Also Karkat is a funny name.

You honestly don't want to watch this ridiculousness. If you still drank you would have thought you had passed out or was hallucinating.

Time to stare at the teddy bears.

You're so stupid even the guy who runs the stand is looking away.

Yes, you, Karkat Vantas, have handled a gun. However, not one as long as this. What did it mean when the gun was the length of your shoulder down to your waist? Were you stubby or was this gun just big?

Dave is up behind you, inches away, watching you figure out how to aim. You raise the gun up to your chest, the butt end on your collarbone, and pull the trigger mercilessly. A whole one time.

"HOLYFUCKWHATTHE?"

The gun, in turn, PUNCHED YOU IN THE CHEST. "OWWW."

"Oh yeah, I forgot to mention, they have a pretty bad kickback." the guy behind the counter said, one minute too late. You're about to threaten to castrate him like the worthless asshole he is, but suddenly Dave's hands are at your waist, then to your shoulders, adjusting you slightly so that you could aim at the target. This is not what you were expecting. At all.

"See, now just raise the gun to your shoulder." Dave says quietly.

"HOW DO YOU EVEN KNOW HOW TO AIM A GUN?"

"I play videogames, I thought you knew that."

"VIDEOGAMES AND REAL LIFE ARE TWO *COMPLETELY* DIFFERENT THINGS." you mutter, which is kind of like speaking at a normal volume for KARKAT VANTAS.

"Not really." you can feel his breath in your ear as both of your arms raise up. Three more shots. All of them have to hit in order for you to win the biggest teddy bear there, the creepiest one, the one that glared at them. You wanted to win it to scare Dave somehow.

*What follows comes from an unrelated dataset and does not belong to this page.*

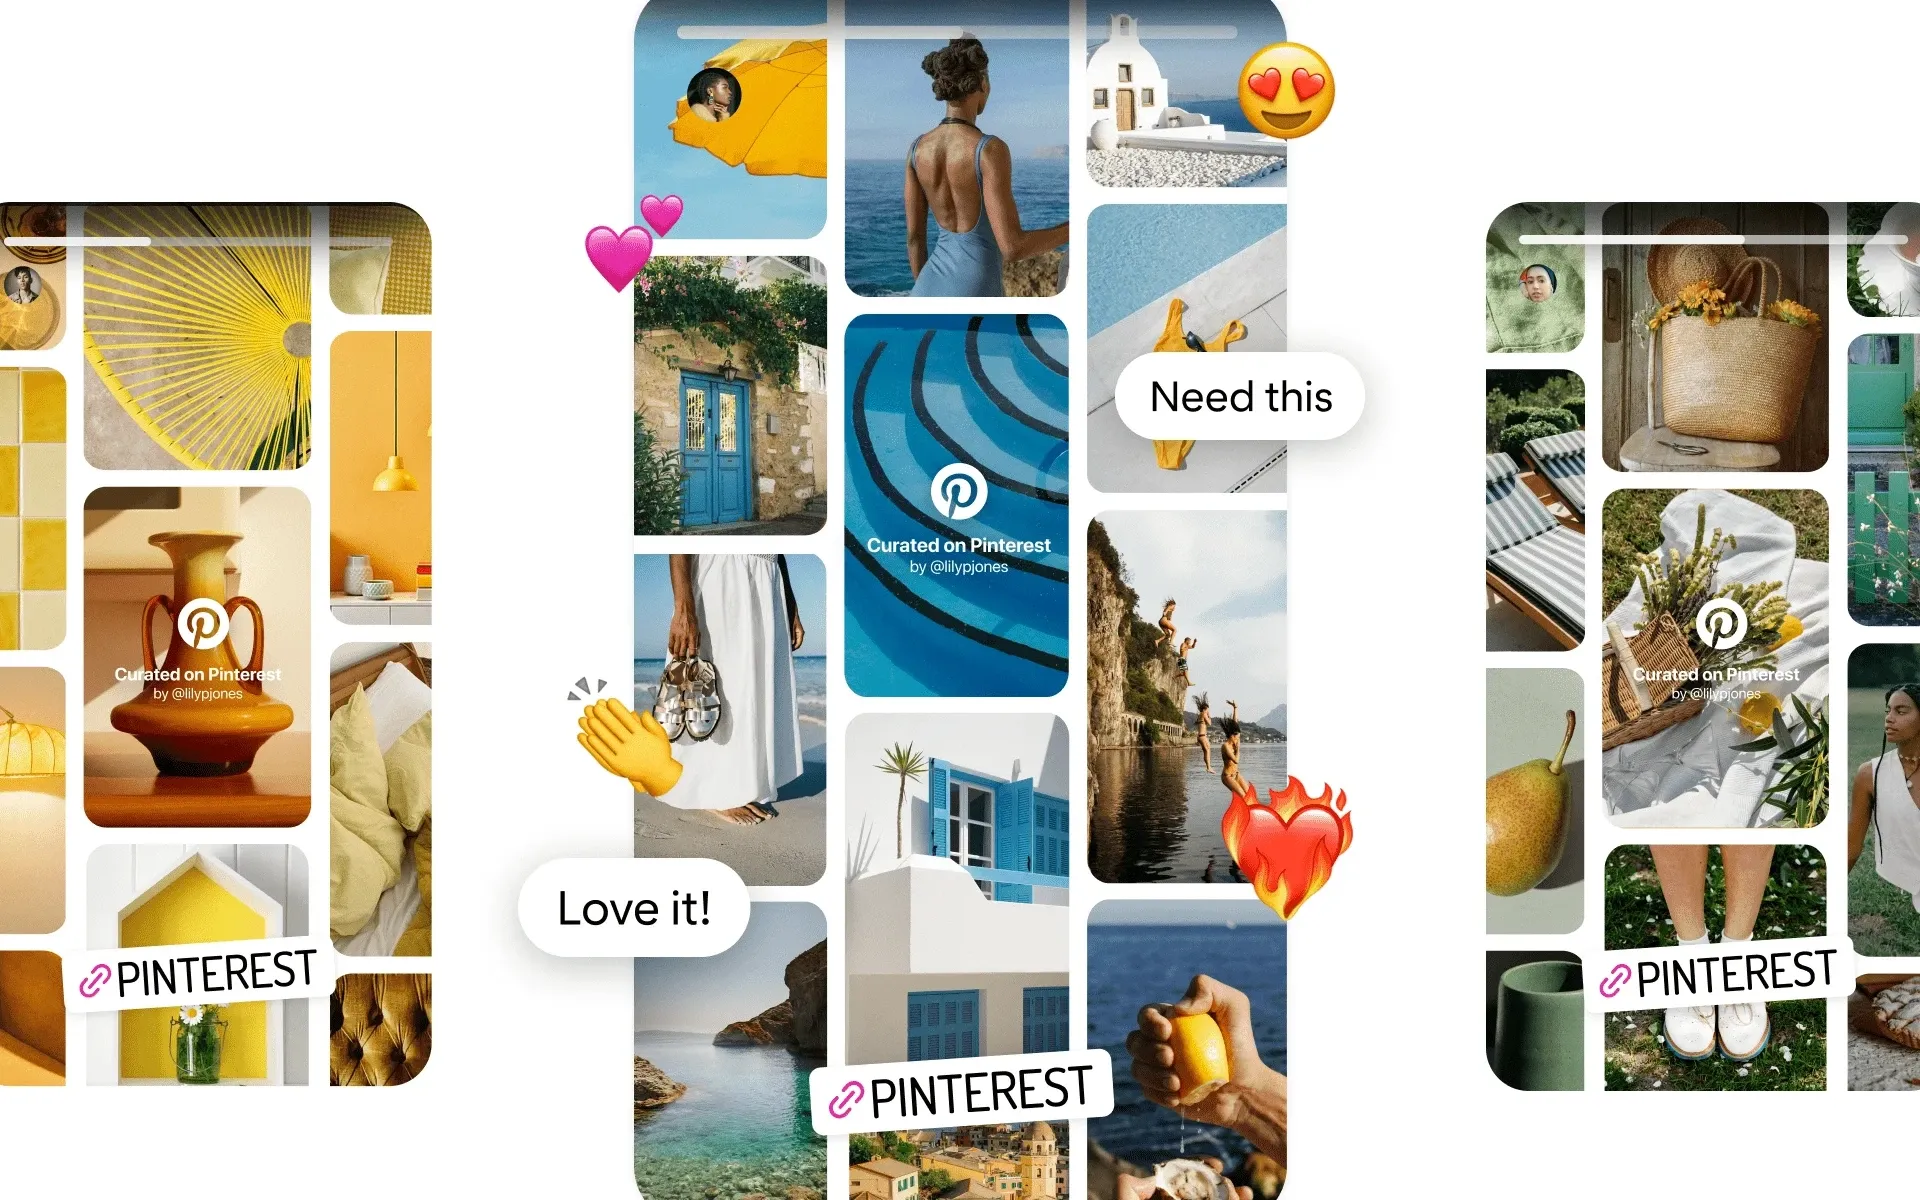 Pinterest unveils a new feature to Share Boards as engaging videos on social media

Giant teddy bears are always terrifying.

His hand curls around yours, and both of your fingers press the trigger.

The kickback isn't as bad this time around.

Another kickback, you're feeling kind of sore.

And the third one barely hurts at all.

The second the third target goes down though, Dave pulls away like he had a burned hand. You win your giant teddy bear. You don't know what to think exactly.

"WHAT THE HELL WAS ALL THAT TOUCHING FOR, STRIDER?" you ask as you walk away, towing the twenty pound bear.

He doesn't answer right away. "What do you think it was about?"

"IF I HAD ANY INKLING OF AN IDEA I'M PRETTY SURE I WOULD HAVE JUST MENTIONED IT."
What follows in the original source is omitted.